• **Your task**
For this listing, the lines between the one holding "2.5 x 2.5 Square Miles" and the one holding "Foto profissional grátis", inclusive, must be set down exactly.

• **Material provided**

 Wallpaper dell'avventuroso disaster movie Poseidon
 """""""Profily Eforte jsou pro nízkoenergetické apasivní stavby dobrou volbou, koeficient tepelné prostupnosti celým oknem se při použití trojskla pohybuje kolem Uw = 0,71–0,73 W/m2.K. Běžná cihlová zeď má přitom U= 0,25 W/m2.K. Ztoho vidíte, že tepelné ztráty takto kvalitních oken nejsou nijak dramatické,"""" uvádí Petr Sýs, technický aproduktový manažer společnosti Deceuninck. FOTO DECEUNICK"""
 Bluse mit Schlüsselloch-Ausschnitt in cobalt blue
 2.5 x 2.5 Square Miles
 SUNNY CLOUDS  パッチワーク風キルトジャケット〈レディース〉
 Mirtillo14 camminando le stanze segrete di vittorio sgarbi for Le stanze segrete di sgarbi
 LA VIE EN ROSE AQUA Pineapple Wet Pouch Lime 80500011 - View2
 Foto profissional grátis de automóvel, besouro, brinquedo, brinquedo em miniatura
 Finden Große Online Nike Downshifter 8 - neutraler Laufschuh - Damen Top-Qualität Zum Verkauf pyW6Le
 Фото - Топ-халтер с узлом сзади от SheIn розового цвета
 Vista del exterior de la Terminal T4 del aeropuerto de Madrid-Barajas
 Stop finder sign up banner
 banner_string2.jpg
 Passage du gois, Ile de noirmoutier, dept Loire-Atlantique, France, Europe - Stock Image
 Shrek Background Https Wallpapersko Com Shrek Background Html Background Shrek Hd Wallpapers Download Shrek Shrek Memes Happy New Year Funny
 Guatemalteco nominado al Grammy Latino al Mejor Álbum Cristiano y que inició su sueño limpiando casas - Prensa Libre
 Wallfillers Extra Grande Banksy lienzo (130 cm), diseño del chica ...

• **Completed exercise**
 2.5 x 2.5 Square Miles
 SUNNY CLOUDS  パッチワーク風キルトジャケット〈レディース〉
 Mirtillo14 camminando le stanze segrete di vittorio sgarbi for Le stanze segrete di sgarbi
 LA VIE EN ROSE AQUA Pineapple Wet Pouch Lime 80500011 - View2
 Foto profissional grátis de automóvel, besouro, brinquedo, brinquedo em miniatura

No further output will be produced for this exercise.